> RECORDED DATA:
+ + +

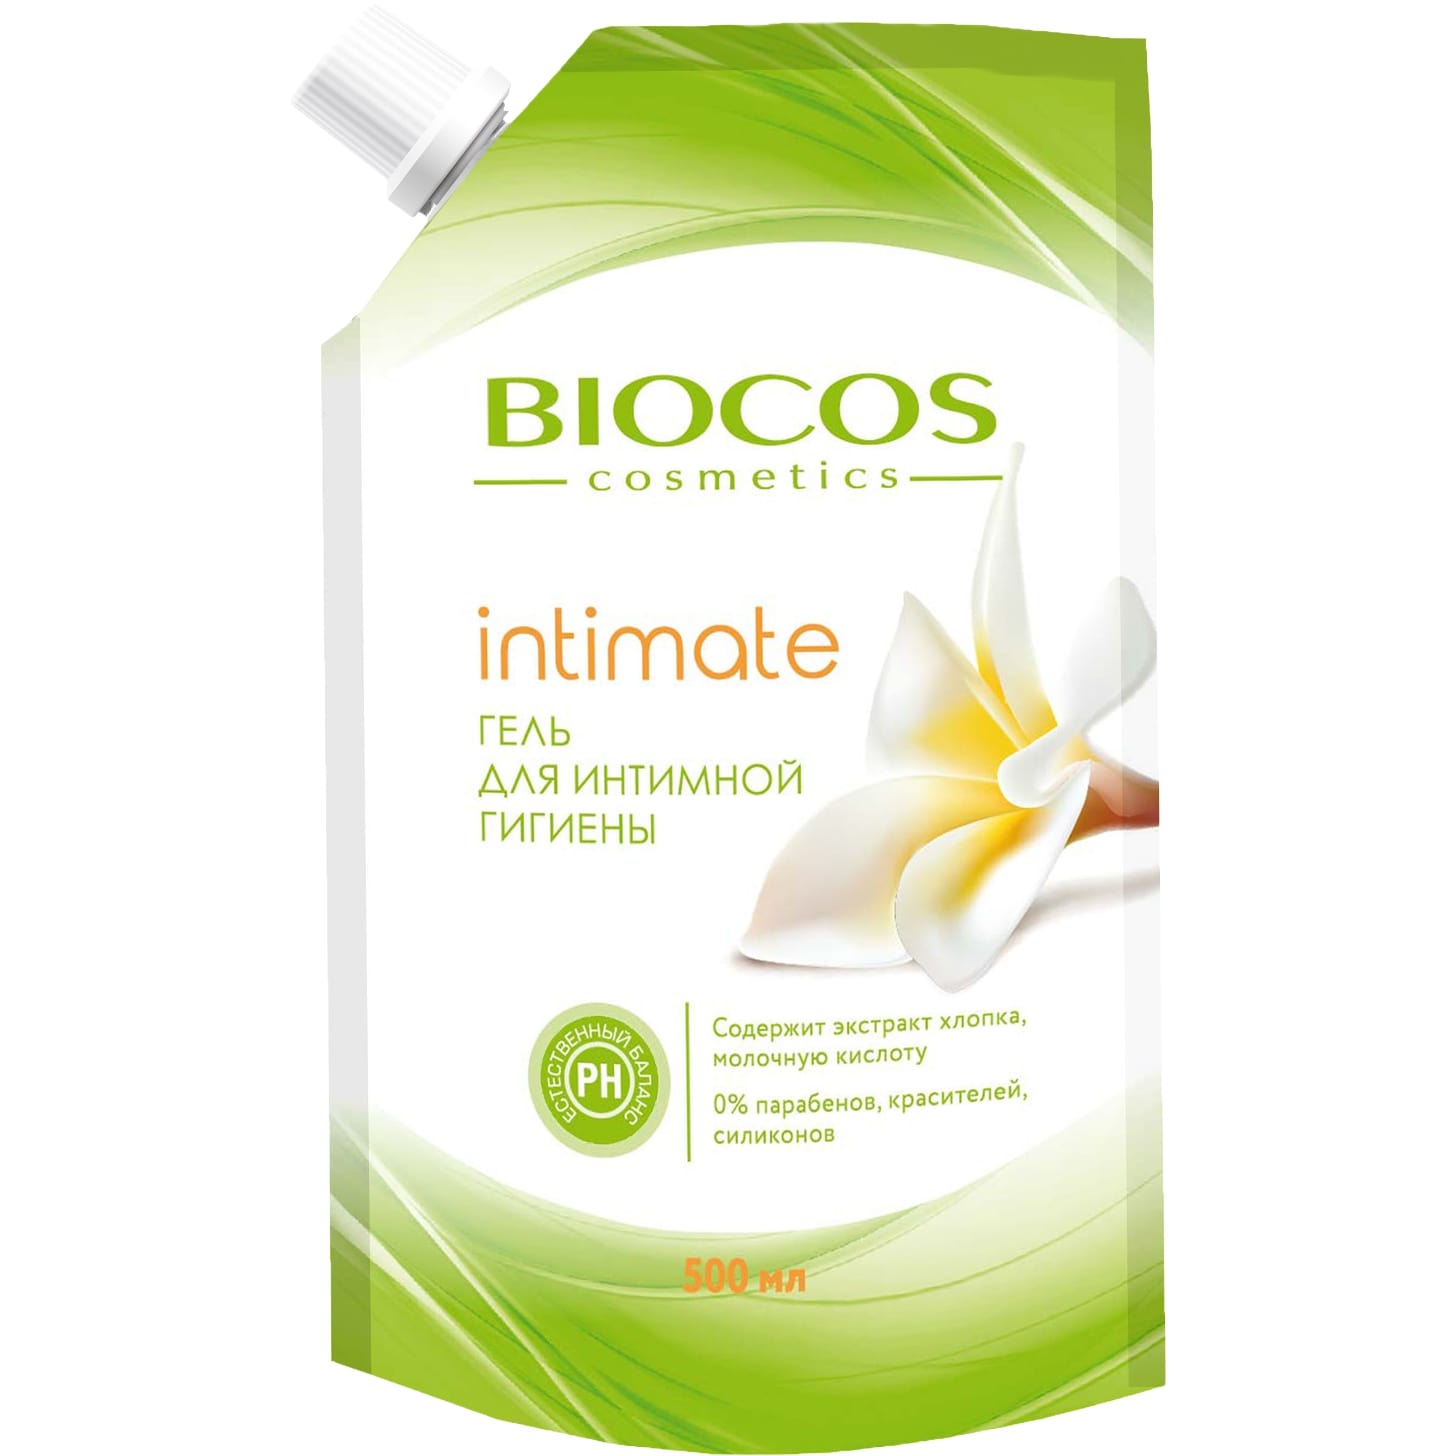 Гель для интимной гигиены BioCos intimate с экстрактом хлопка и молочной кислотой 500 мл гель комфорт для интимной гигиены с пребиотиком ежедневный уход 230мл
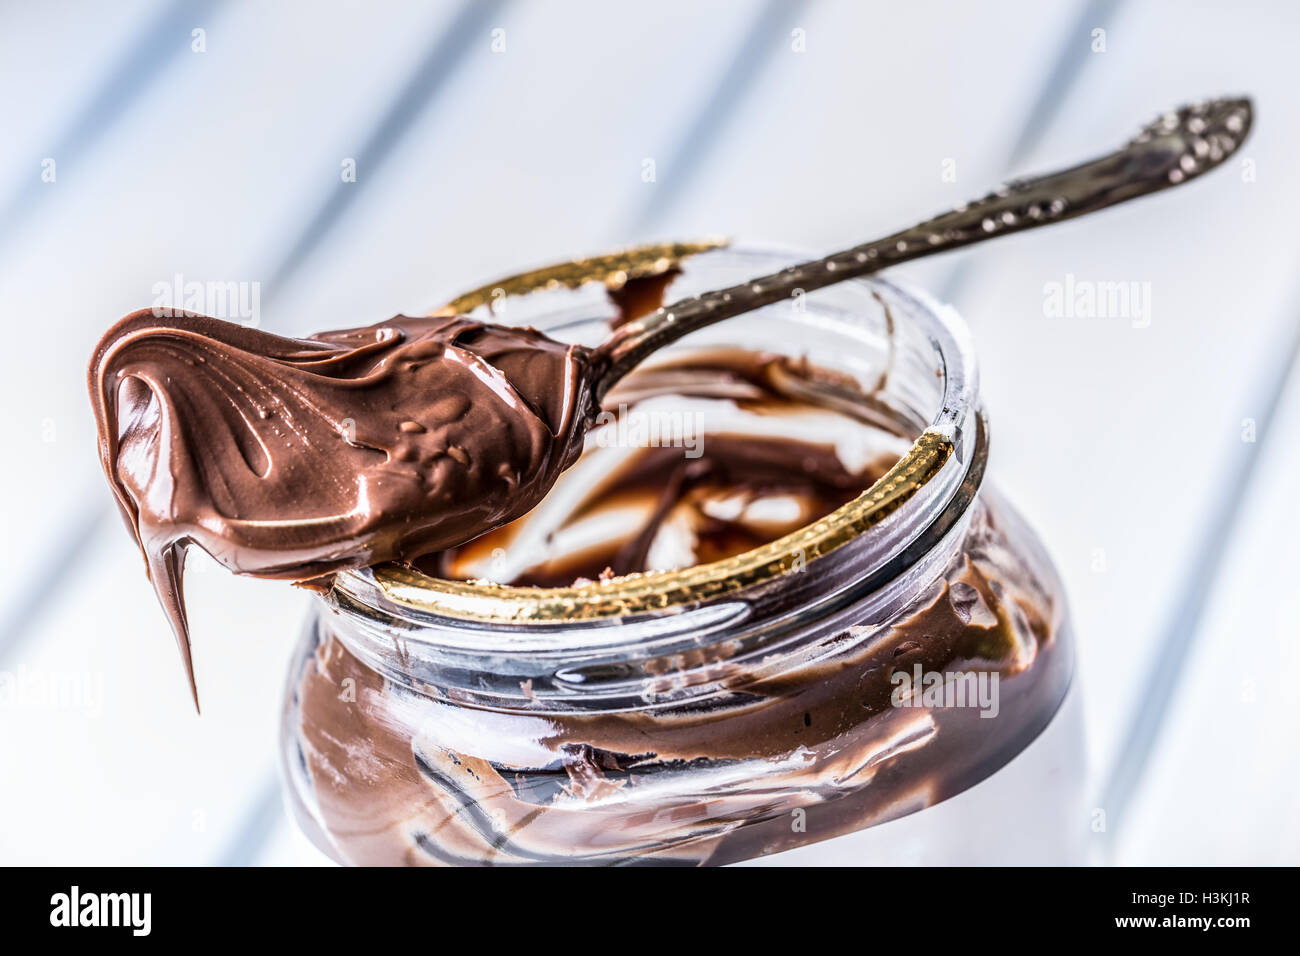 Chocolate spread in spoon. A jar of hazelnut chocolate spread. Stock Photo
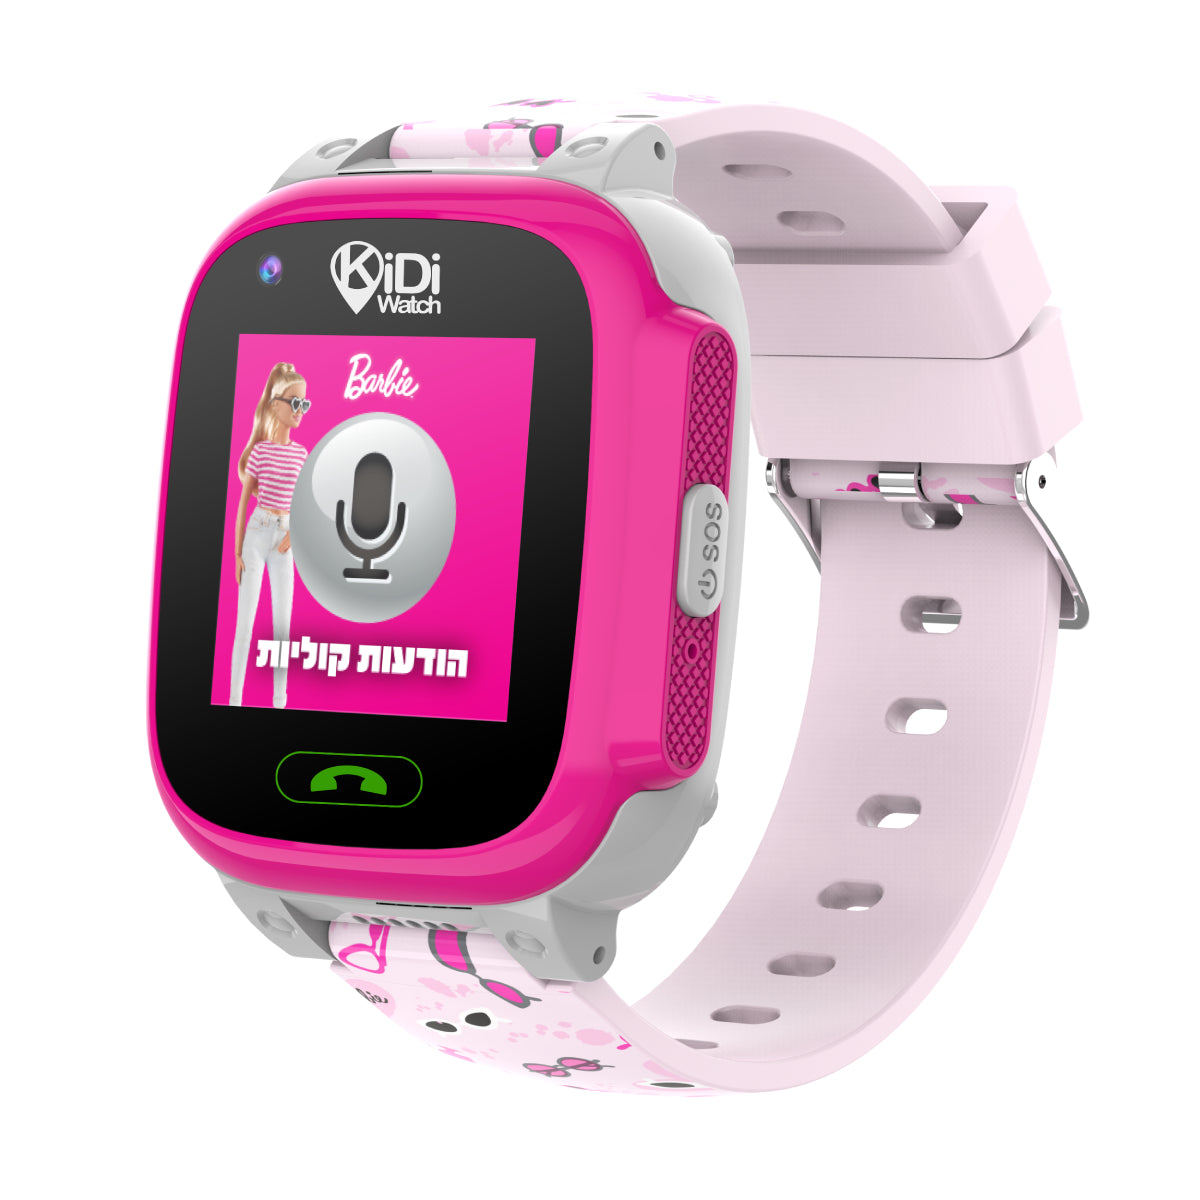 שעון חכם לילדים KidiWatch Friends Barbie 4G
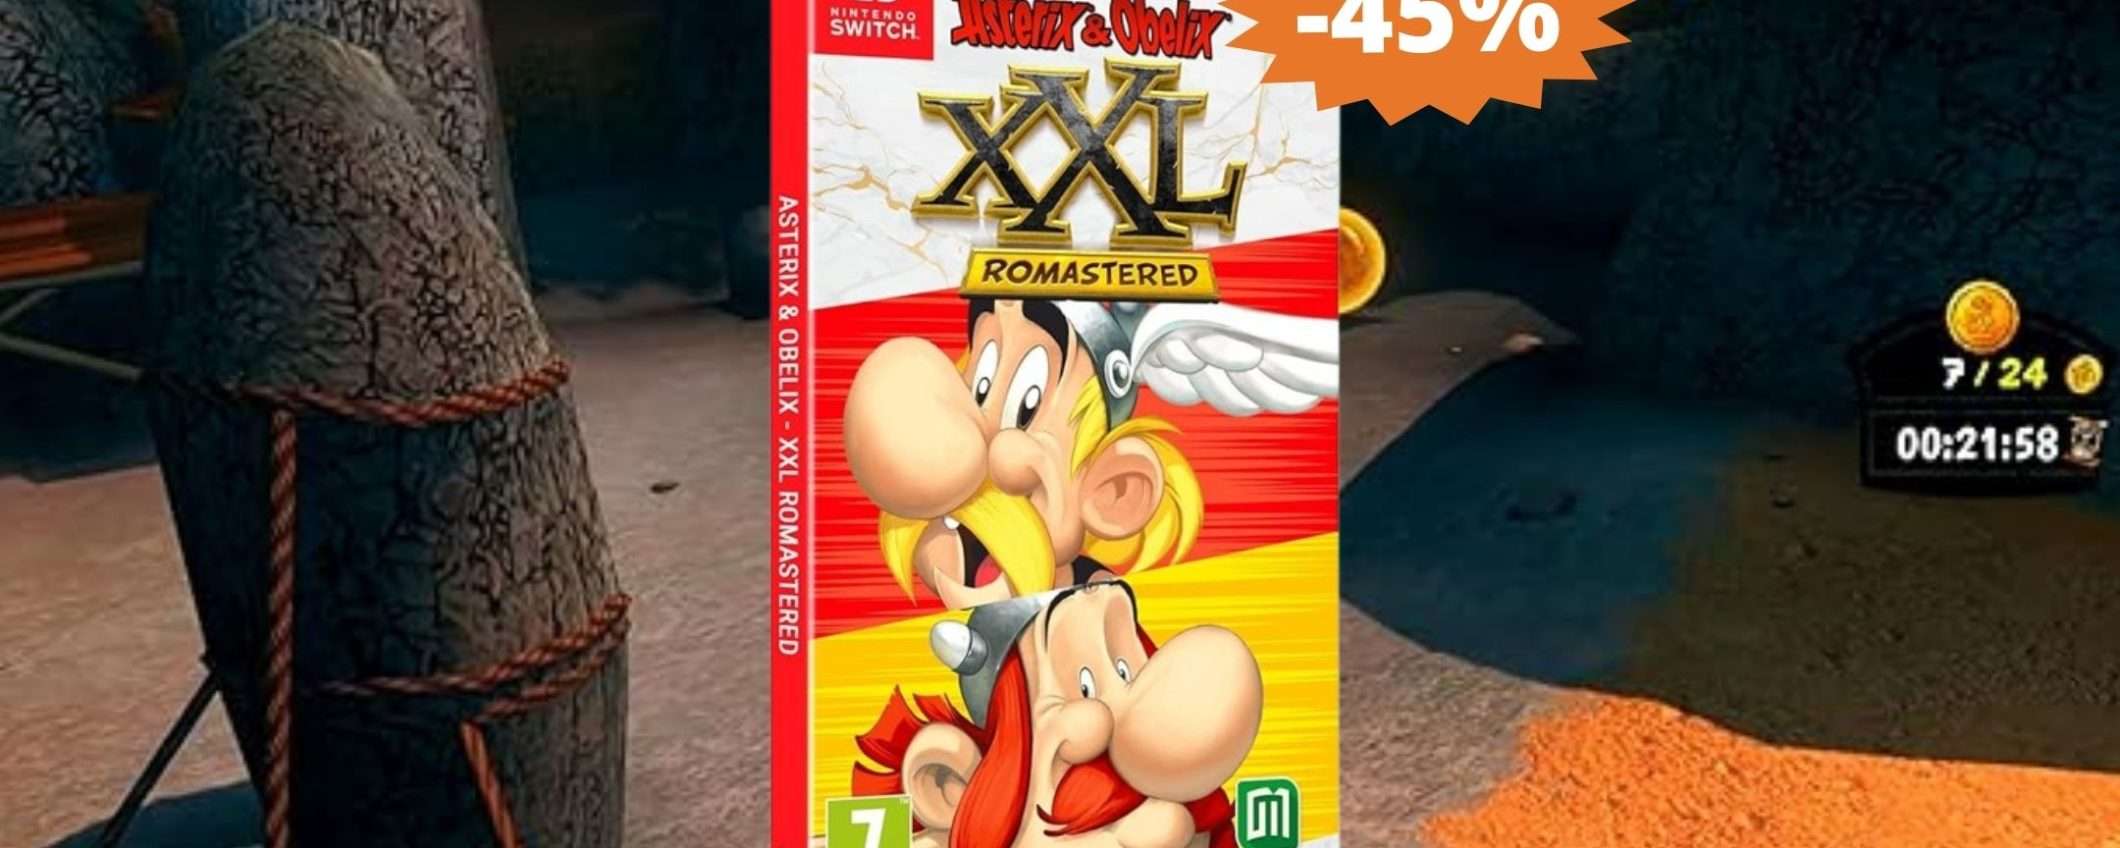 Asterix XXL Romastered per Switch: sconto EPICO del 45%

+ + +

> WHAT IS NEEDED: Copy nothing but the lines from the line that contains "שעון חכם לילדים KidiWatch Friends Barbie 4G" through the end of the listing, exactly, and keep pictures out of it.

> FINISHED TASK:
 שעון חכם לילדים KidiWatch Friends Barbie 4G
 Asterix XXL Romastered per Switch: sconto EPICO del 45%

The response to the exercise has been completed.